# Paint bubbling on concrete block wall



## hammmer13 (Oct 7, 2011)

I painted an existing wall in a lani that has a flower bed in front of it made of concrete block as well. The flower bed wall inside and outside was previously painted. Upon inspection before repainting there were no imperfections or blistering visible. The flower bed was cleaned and pressure washed. Almost to the year the inside lani area started to blister. It blistered all the way to the block. I scraped away several of the spots and could not find any moisture. Behind the block where the blistering has occurred, it is chalky like. I did repair a crack in the front of the flower box that extended almost to the base. What do I need to do to stop this from happening in the future?


----------



## jsheridan (Jan 30, 2011)

Hammer, the blisters are caused by moisture passing through the block. The chalky "stuff" is efflorescence, a salt that is brought to the surface by the moisture and deposited there when the moisture evaporates and blisters the paint. Why it is so and what you need to do is hard to say without seeing it. Start here. Prior to your painting the walls, was there any failure at that time? When did you repair the crack? Is it possible that the wall is cracked inside the flower bed and the dirt is hiding it? Would the dirt be directly outside where the interior failure is occurring?


----------



## concretemasonry (Oct 10, 2006)

I assume much of the older, sound paint was not removed completely. Applying a second layer (even if it is supposed to "breathe") can create a non-breathing wall wall surface, especially when there is a source of moisture from the planter area. - Does the planter have metal, pvc or vinyl tub to prevent moisture from entering from the back side.

It is common for additional coats of "breathing" paint to build up and create a vapor barrier that moisture can force off easily.
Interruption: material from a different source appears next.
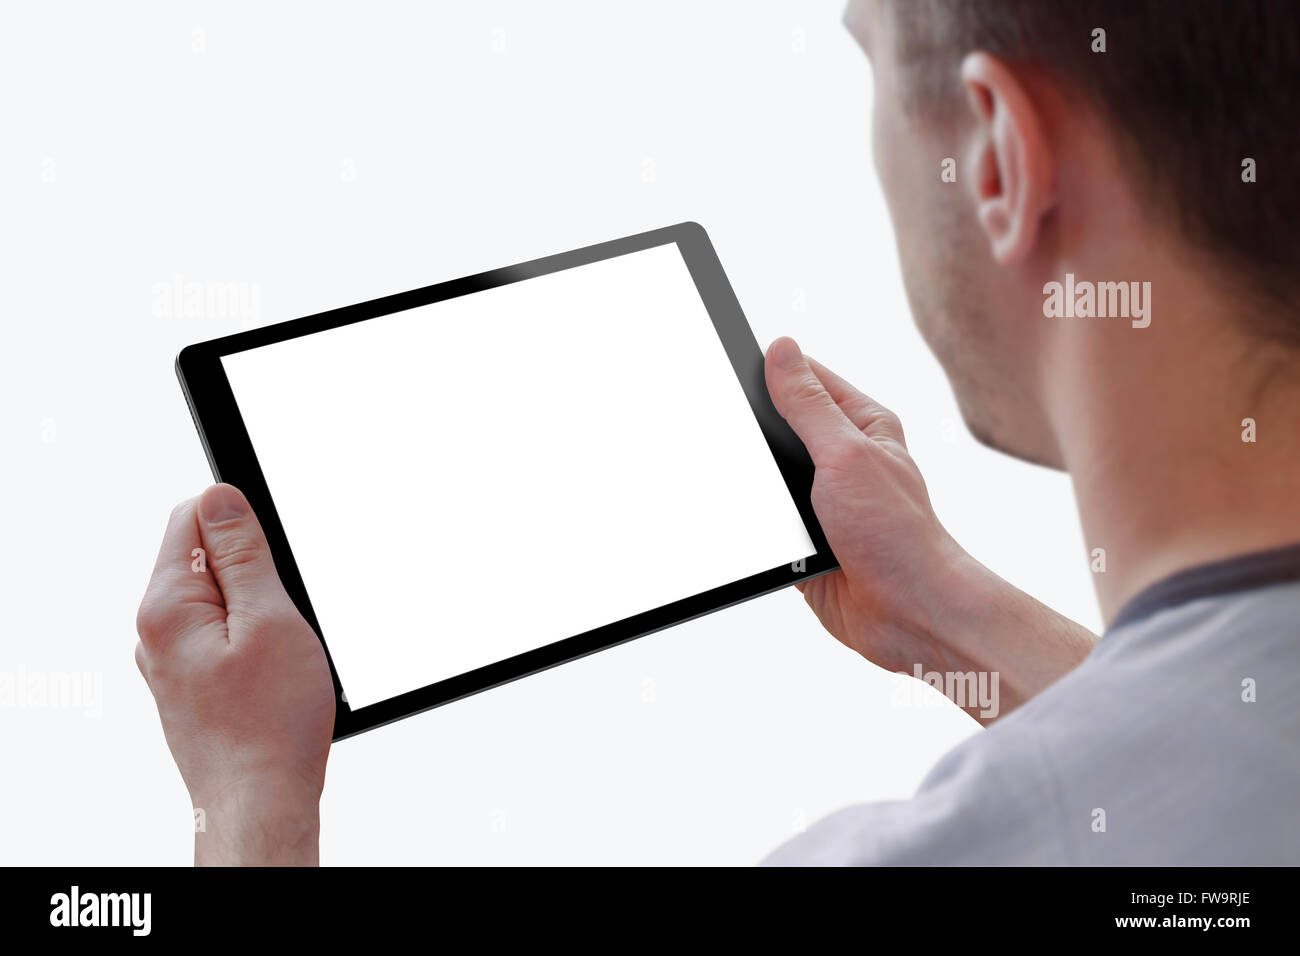 Tablette avec écran isolé pour homme dans la maquette des mains. Isolé sur fond blanc. Écran de l'appareil isolé pour la conception, l'interface Banque D'Images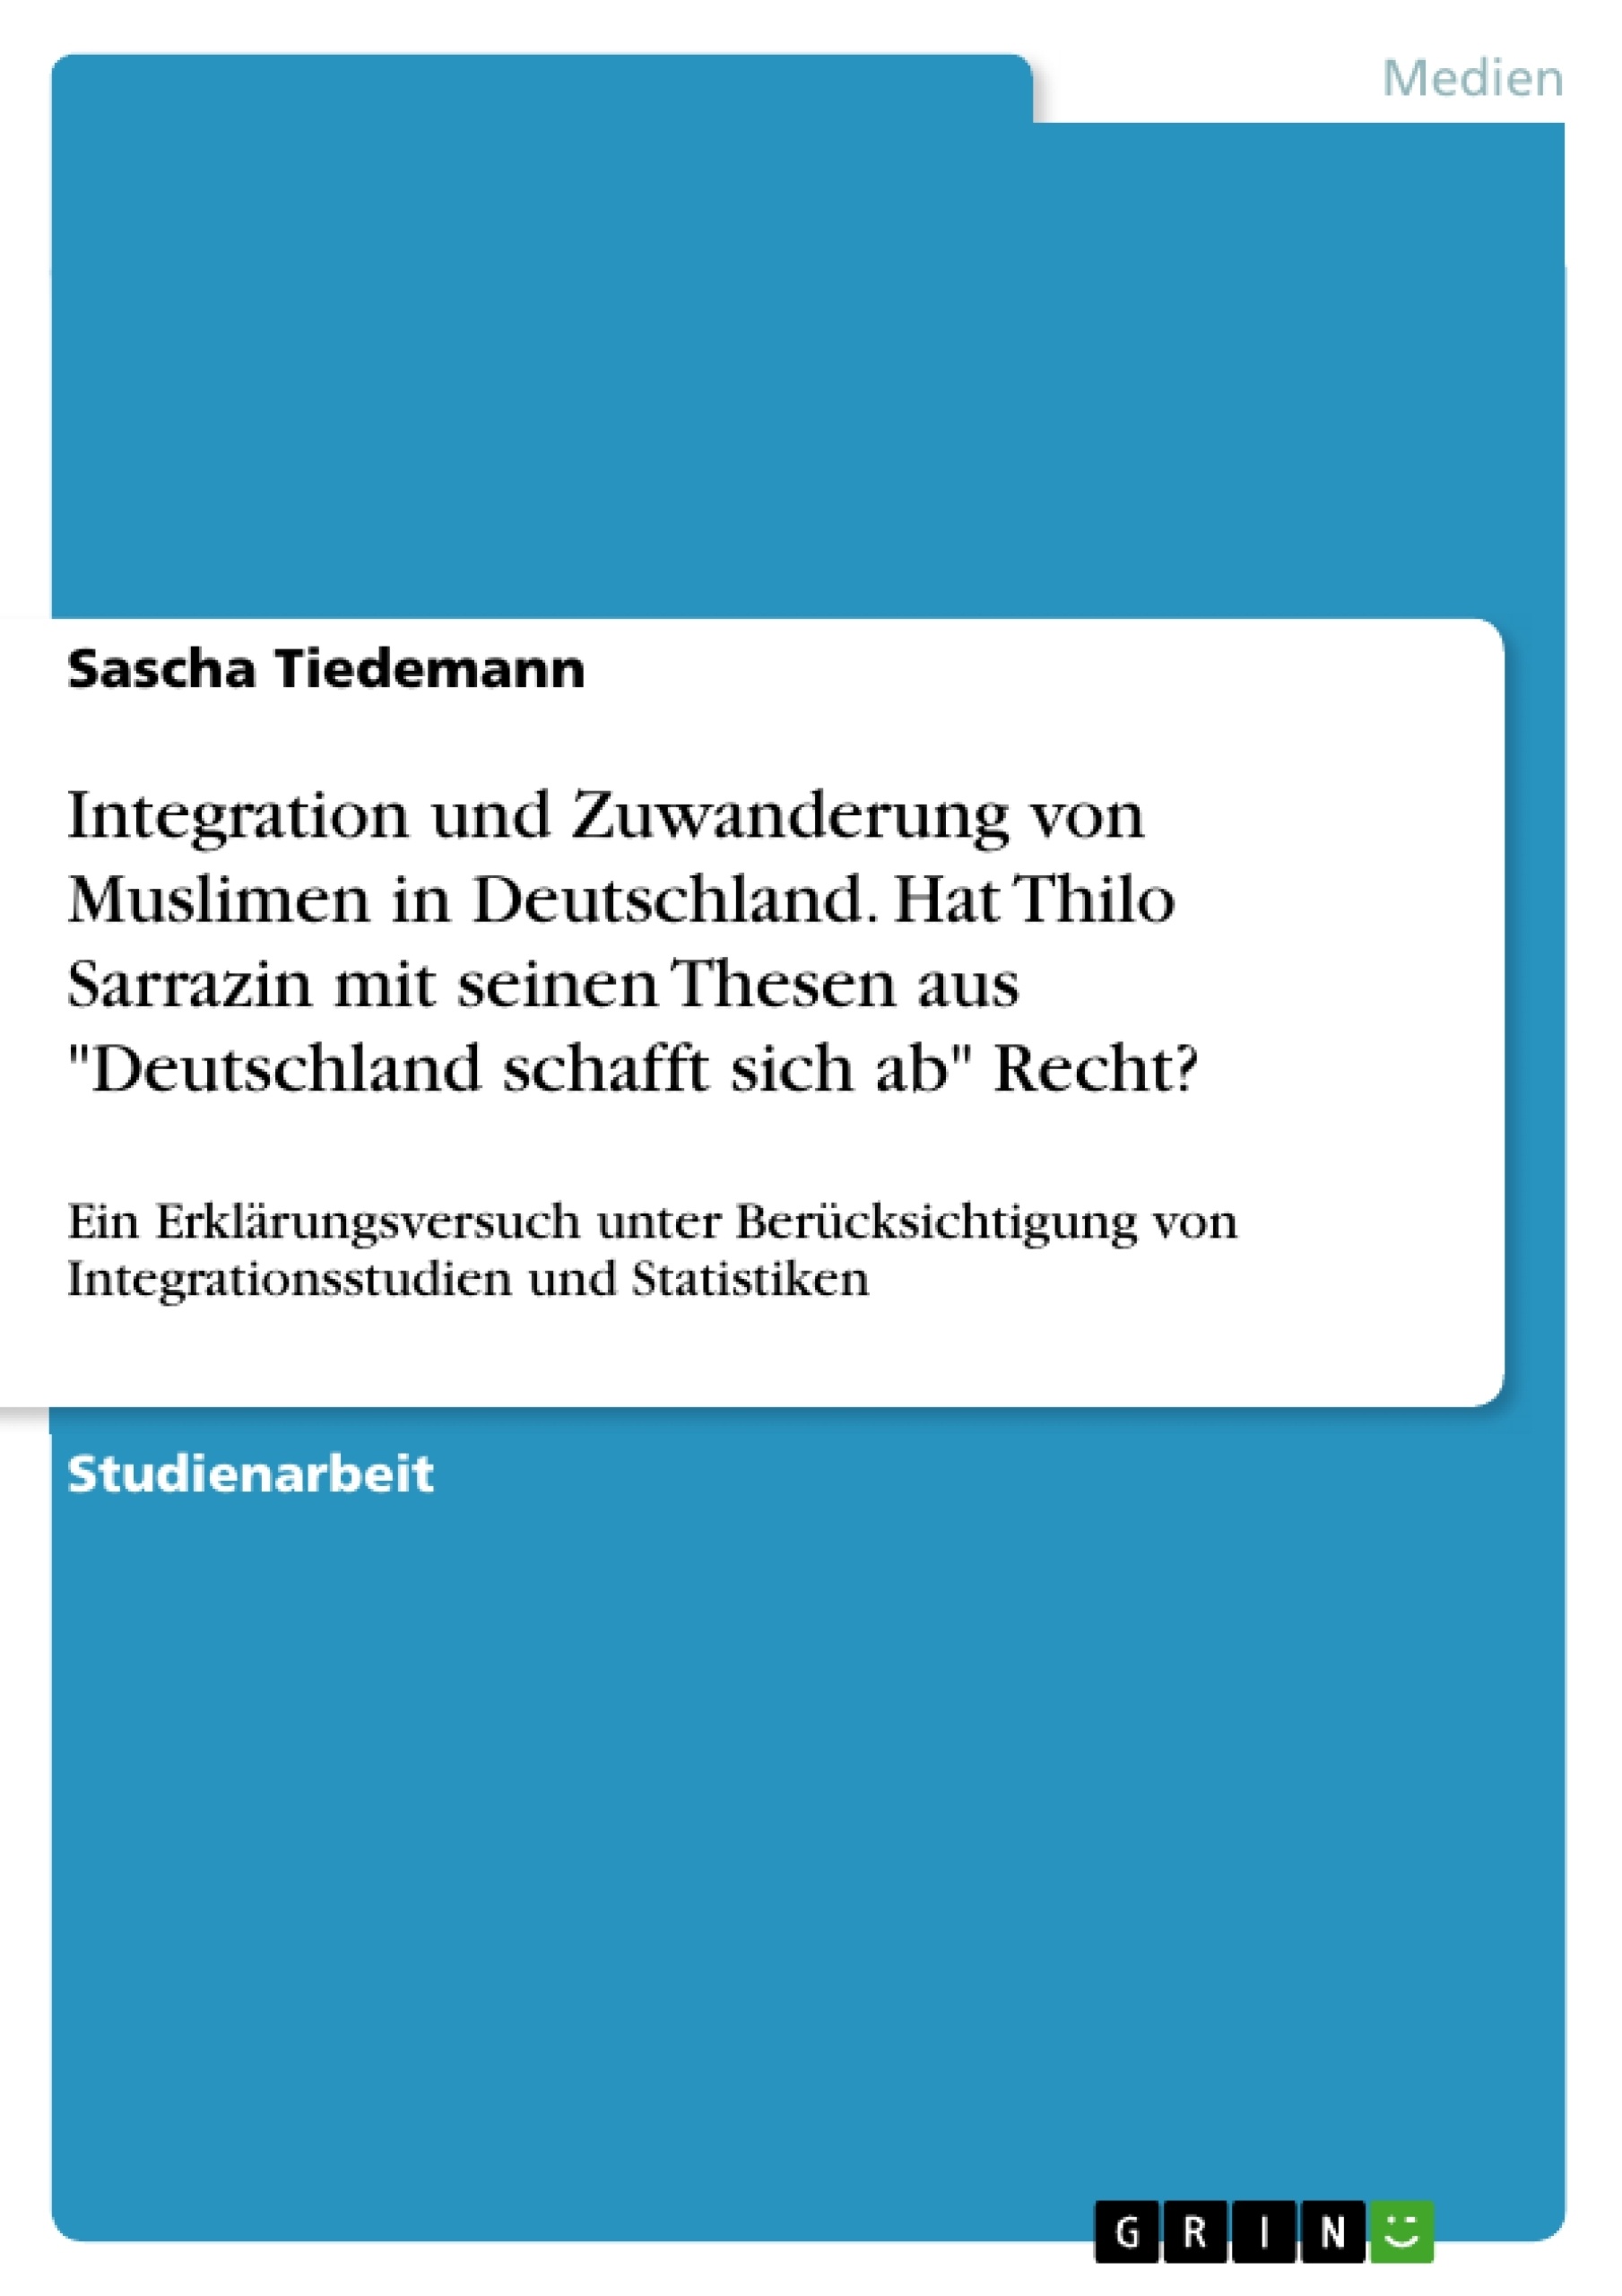 Title: Integration und Zuwanderung von Muslimen in Deutschland. Hat Thilo Sarrazin mit seinen Thesen  aus "Deutschland schafft sich ab" Recht?

The vapor pressure from evaporation can have high pressures. - I have seen epoxy paint come off in 3'x3' sheets with the concrete attached.

The process of forming crystals (efflorescence) also creates high pressures.

Just a guess without seeing a photo or having more details.

Dick


----------



## jsheridan (Jan 30, 2011)

concretemasonry said:


> I assume much of the older, sound paint was not removed completely. Applying a second layer (even if it is supposed to "breathe") can create a non-breathing wall wall surface, especially when there is a source of moisture from the planter area. - Does the planter have metal, pvc or vinyl tub to prevent moisture from entering from the back side.
> 
> It is common for additional coats of "breathing" paint to build up and create a vapor barrier that moisture can force off easily. The vapor pressure from evaporation can have high pressures. - I have seen epoxy paint come off in 3'x3' sheets with the concrete attached.
> 
> ...


I'm glad a mason came by. For just being a painter Dick, did I do okay? 
That's an interesting point about the additional coat creating the tipping point. Is it possible that there is no crack, and that prior to the additional coat the first coat of "breathable" paint was handling the transfer, and that OP actually turned a stable situation into a problem by repainting?


----------